#### The records ####

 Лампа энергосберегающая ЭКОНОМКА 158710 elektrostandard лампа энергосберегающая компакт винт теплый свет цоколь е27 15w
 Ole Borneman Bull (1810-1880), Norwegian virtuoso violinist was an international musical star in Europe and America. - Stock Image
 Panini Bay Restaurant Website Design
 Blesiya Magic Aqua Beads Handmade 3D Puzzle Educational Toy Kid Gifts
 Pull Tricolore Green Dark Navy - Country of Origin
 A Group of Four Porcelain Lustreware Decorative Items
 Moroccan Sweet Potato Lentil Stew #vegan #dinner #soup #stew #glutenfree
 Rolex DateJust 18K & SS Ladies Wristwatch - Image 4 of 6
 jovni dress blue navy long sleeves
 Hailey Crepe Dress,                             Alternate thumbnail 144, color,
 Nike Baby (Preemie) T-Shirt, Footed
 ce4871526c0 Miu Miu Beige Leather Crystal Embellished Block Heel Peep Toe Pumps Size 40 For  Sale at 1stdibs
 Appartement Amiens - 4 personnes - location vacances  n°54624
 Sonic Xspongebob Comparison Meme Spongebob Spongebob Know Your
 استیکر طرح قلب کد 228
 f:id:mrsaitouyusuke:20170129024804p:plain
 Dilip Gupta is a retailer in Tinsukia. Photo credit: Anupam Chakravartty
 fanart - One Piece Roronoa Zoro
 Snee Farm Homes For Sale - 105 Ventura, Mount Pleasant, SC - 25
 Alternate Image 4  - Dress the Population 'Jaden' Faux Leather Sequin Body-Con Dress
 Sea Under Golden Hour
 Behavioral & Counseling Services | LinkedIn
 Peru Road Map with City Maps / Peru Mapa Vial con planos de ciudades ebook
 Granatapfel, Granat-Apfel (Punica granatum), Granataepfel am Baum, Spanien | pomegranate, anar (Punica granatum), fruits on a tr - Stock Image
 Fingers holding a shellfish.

####

[Prompt]: Extract each entry in full, exactly as given.

[Your solution]:
 Лампа энергосберегающая ЭКОНОМКА 158710 elektrostandard лампа энергосберегающая компакт винт теплый свет цоколь е27 15w
 Ole Borneman Bull (1810-1880), Norwegian virtuoso violinist was an international musical star in Europe and America. - Stock Image
 Panini Bay Restaurant Website Design
 Blesiya Magic Aqua Beads Handmade 3D Puzzle Educational Toy Kid Gifts
 Pull Tricolore Green Dark Navy - Country of Origin
 A Group of Four Porcelain Lustreware Decorative Items
 Moroccan Sweet Potato Lentil Stew #vegan #dinner #soup #stew #glutenfree
 Rolex DateJust 18K & SS Ladies Wristwatch - Image 4 of 6
 jovni dress blue navy long sleeves
 Hailey Crepe Dress,                             Alternate thumbnail 144, color,
 Nike Baby (Preemie) T-Shirt, Footed
 ce4871526c0 Miu Miu Beige Leather Crystal Embellished Block Heel Peep Toe Pumps Size 40 For  Sale at 1stdibs
 Appartement Amiens - 4 personnes - location vacances  n°54624
 Sonic Xspongebob Comparison Meme Spongebob Spongebob Know Your
 استیکر طرح قلب کد 228
 f:id:mrsaitouyusuke:20170129024804p:plain
 Dilip Gupta is a retailer in Tinsukia. Photo credit: Anupam Chakravartty
 fanart - One Piece Roronoa Zoro
 Snee Farm Homes For Sale - 105 Ventura, Mount Pleasant, SC - 25
 Alternate Image 4  - Dress the Population 'Jaden' Faux Leather Sequin Body-Con Dress
 Sea Under Golden Hour
 Behavioral & Counseling Services | LinkedIn
 Peru Road Map with City Maps / Peru Mapa Vial con planos de ciudades ebook
 Granatapfel, Granat-Apfel (Punica granatum), Granataepfel am Baum, Spanien | pomegranate, anar (Punica granatum), fruits on a tr - Stock Image
 Fingers holding a shellfish.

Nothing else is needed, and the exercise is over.